Modalità di funzionamento della leva del cambio
Nelle auto con cambio manuale e volante a sinistra, la leva del cambio è installata sul lato destro del sedile del conducente o sul piantone dello sterzo. Impugnando la leva del cambio, il palmo della mano destra si appoggia alla testa sferica, le cinque dita afferrano naturalmente la testa sferica, si aziona la leva del cambio, con lo sguardo rivolto in avanti. La mano destra, con la forza del polso, spinge con precisione in avanti e indietro per innestare e disinnestare la marcia. La testa sferica della leva del cambio non deve essere stretta troppo, per adattarsi alle diverse esigenze di innesto delle marce e alle diverse direzioni di forza.
Tecnica di cambio marcia
Primo passo
Prima di metterti in strada, assicurati di familiarizzare con la posizione di ogni marcia, perché quando guidi devi sempre tenere d'occhio la superficie stradale e i pedoni, per poter affrontare in qualsiasi momento una varietà di emergenze impreviste. È impossibile distogliere lo sguardo dalla leva del cambio per cambiare marcia, perché questo aumenta facilmente il rischio di incidenti.
Il secondo passo
Quando cambi marcia, ricordati di premere a fondo il pedale della frizione, altrimenti la marcia non si innesta. Sebbene sia necessario premere con più forza il piede, la mano può spingere e tirare la leva del cambio con maggiore facilità, quindi non forzare eccessivamente.
Il terzo passo
Per innestare la prima marcia, tirate la leva del cambio verso sinistra, parallelamente alla posizione di riposo, e spingetela verso l'alto; per la seconda marcia, tiratela direttamente verso il basso, partendo dalla posizione di prima; per la terza e la quarta marcia, rilasciate la leva del cambio, lasciatela in folle e spingetela direttamente verso l'alto e verso il basso; per la quinta marcia, spingete la leva del cambio verso destra, fino in fondo, e poi invertite la marcia a destra dopo la quinta.

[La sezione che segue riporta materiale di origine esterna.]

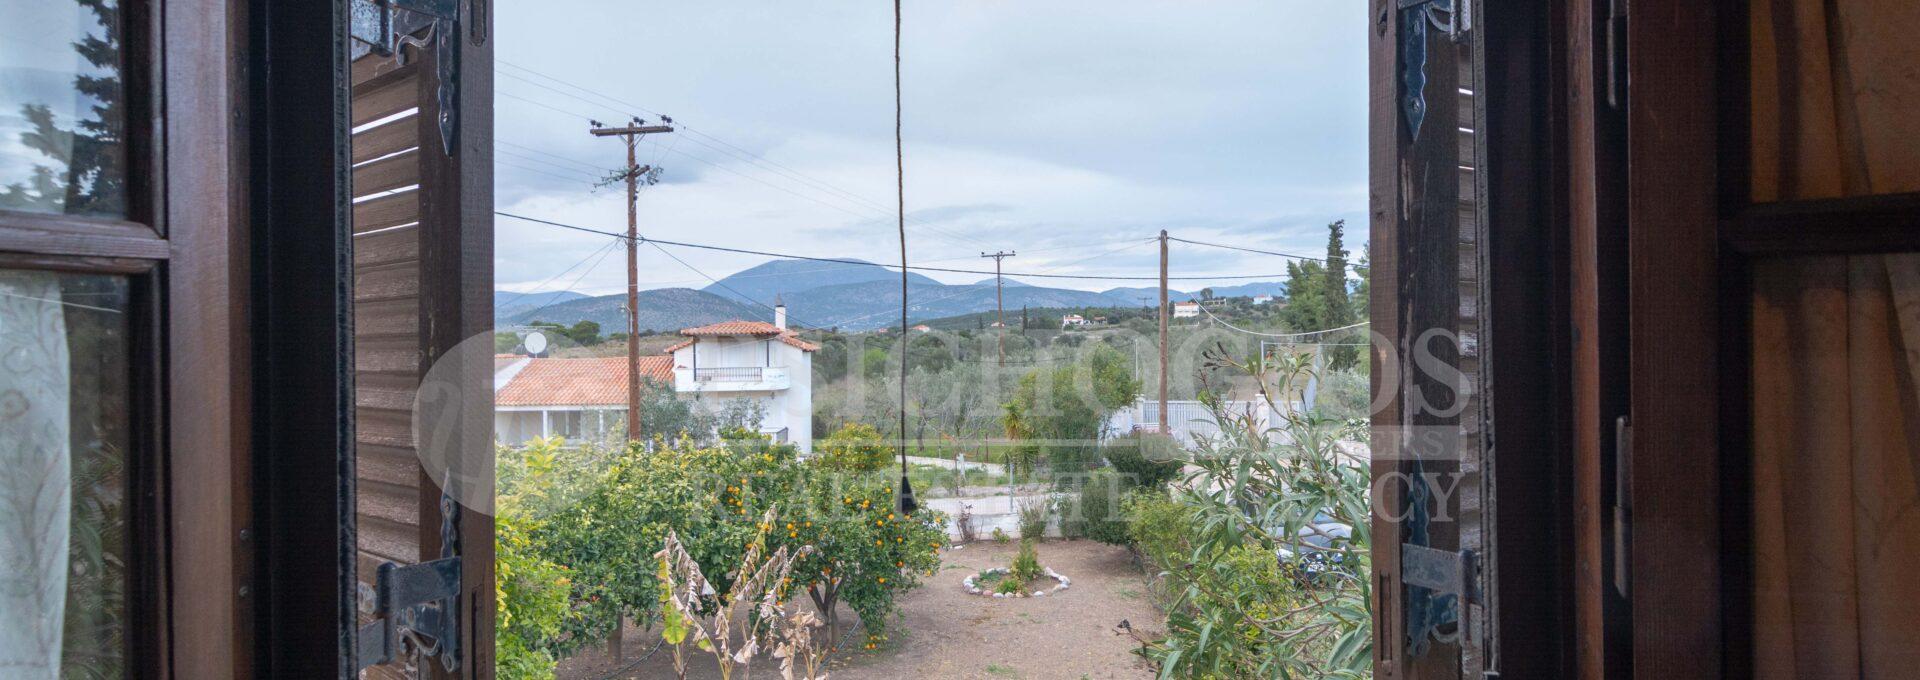 for_sale_two_houses_plot_2000_sq.m._view_ermioni_greece 1 (39)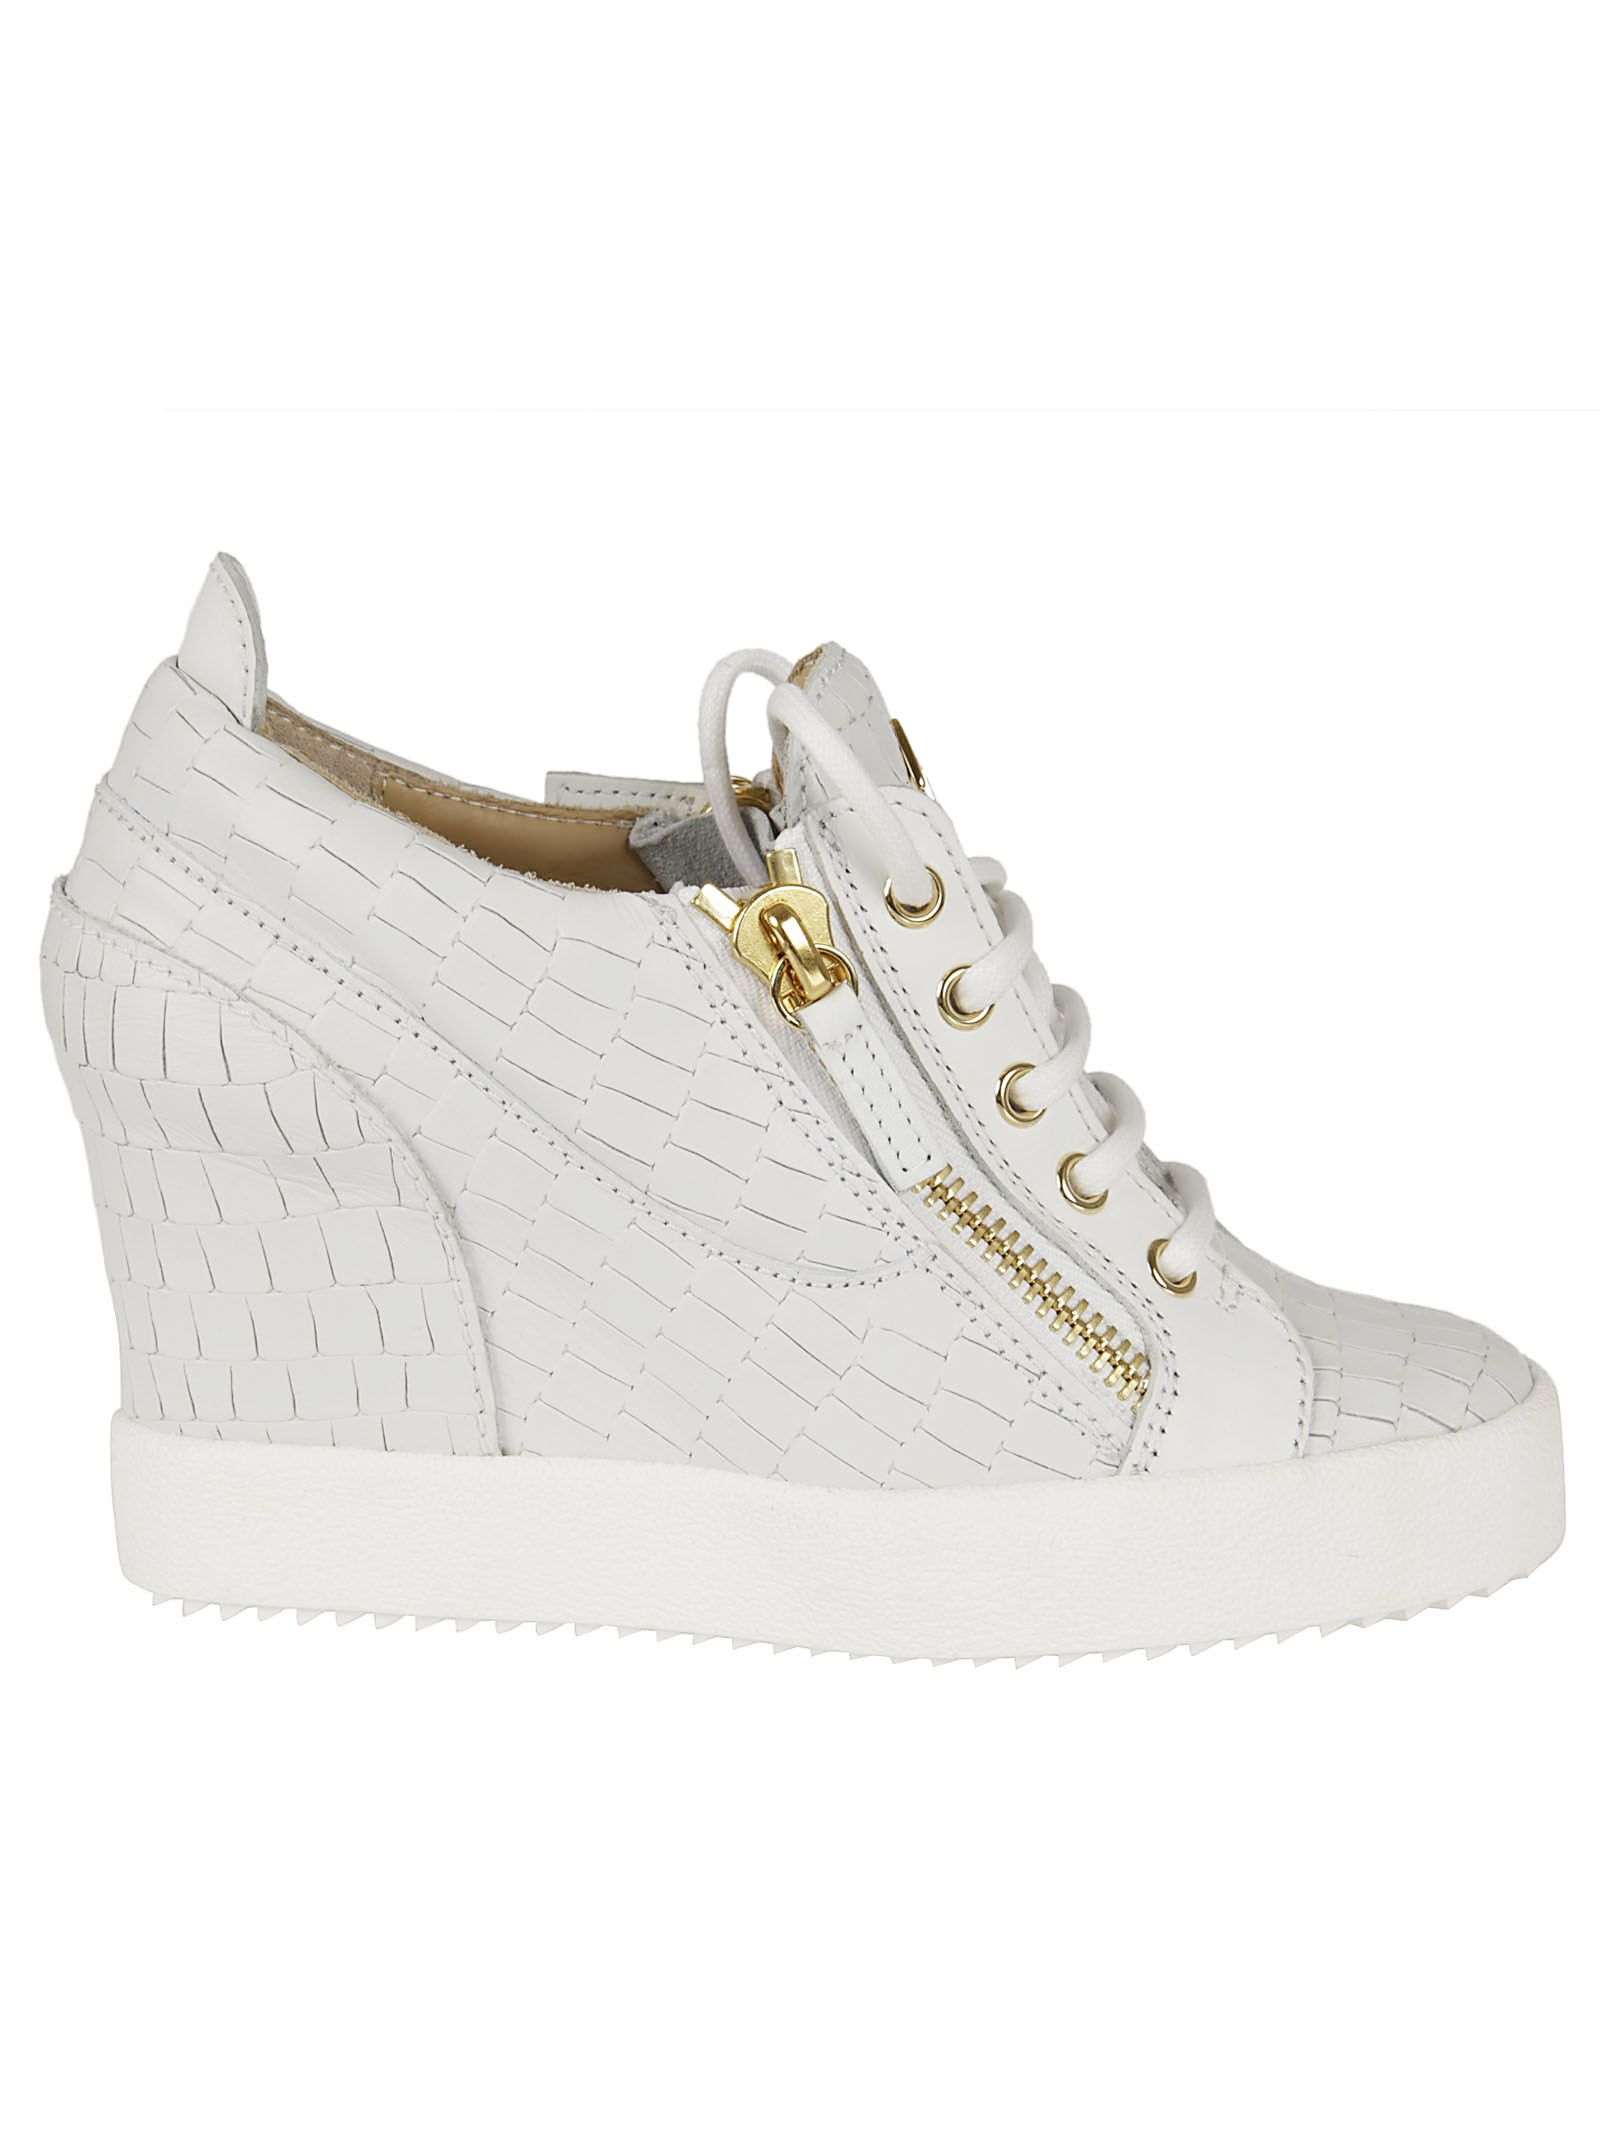 giuseppe zanotti female giuseppe zanotti crocodile effect hitop wedge sneakers

Su alcune auto è necessario premere la manopola della leva del cambio verso il basso per innestare la marcia, su altre no, a seconda del modello specifico.
Passo quattro
La marcia va aumentata gradualmente, seguendo l'indicazione del contagiri, scalando due o tre marce alla volta. La riduzione di marcia non è poi così importante: basta vedere la velocità scendere a un certo livello, si può passare direttamente a quella marcia, ad esempio dalla quinta alla seconda, senza problemi.
Il quinto passo
Quando si parte da fermi, è fondamentale inserire la prima marcia. L'errore più comune tra i principianti è dimenticare di spostare la leva del cambio dalla posizione di folle al semaforo, finendo per inserire una marcia anziché più di una prima di frenare. Questo può causare danni considerevoli alla frizione e al cambio, oltre a un notevole consumo di olio.
Passo sei
In generale, una marcia serve per l'avviamento e per accelerare rapidamente; spesso, dopo pochi secondi, si può passare alla seconda marcia e poi, seguendo il contagiri, passare alla marcia successiva. Se non si desidera accelerare bruscamente, è consigliabile guidare in seconda marcia a bassa velocità, anche se si avverte difficoltà nel controllare la velocità. Tuttavia, se si aumenta la velocità senza adattare la marcia, in questa condizione di bassa velocità non solo aumenterà notevolmente il consumo di carburante, ma si danneggerà anche il cambio, rischiando, nei casi più gravi, il surriscaldamento e il danneggiamento dello stesso. Quindi, è meglio accelerare con criterio.
settimo passo
Se si preme il freno, non bisogna affrettarsi a scalare marcia, perché a volte basta una leggera pressione sul freno per ridurre la velocità in modo significativo. In questo caso, premendo l'acceleratore si può mantenere la marcia precedente. Tuttavia, se si frena con decisione, la velocità si riduce notevolmente; in questo caso, è necessario selezionare la marcia corrispondente al valore visualizzato sul tachimetro.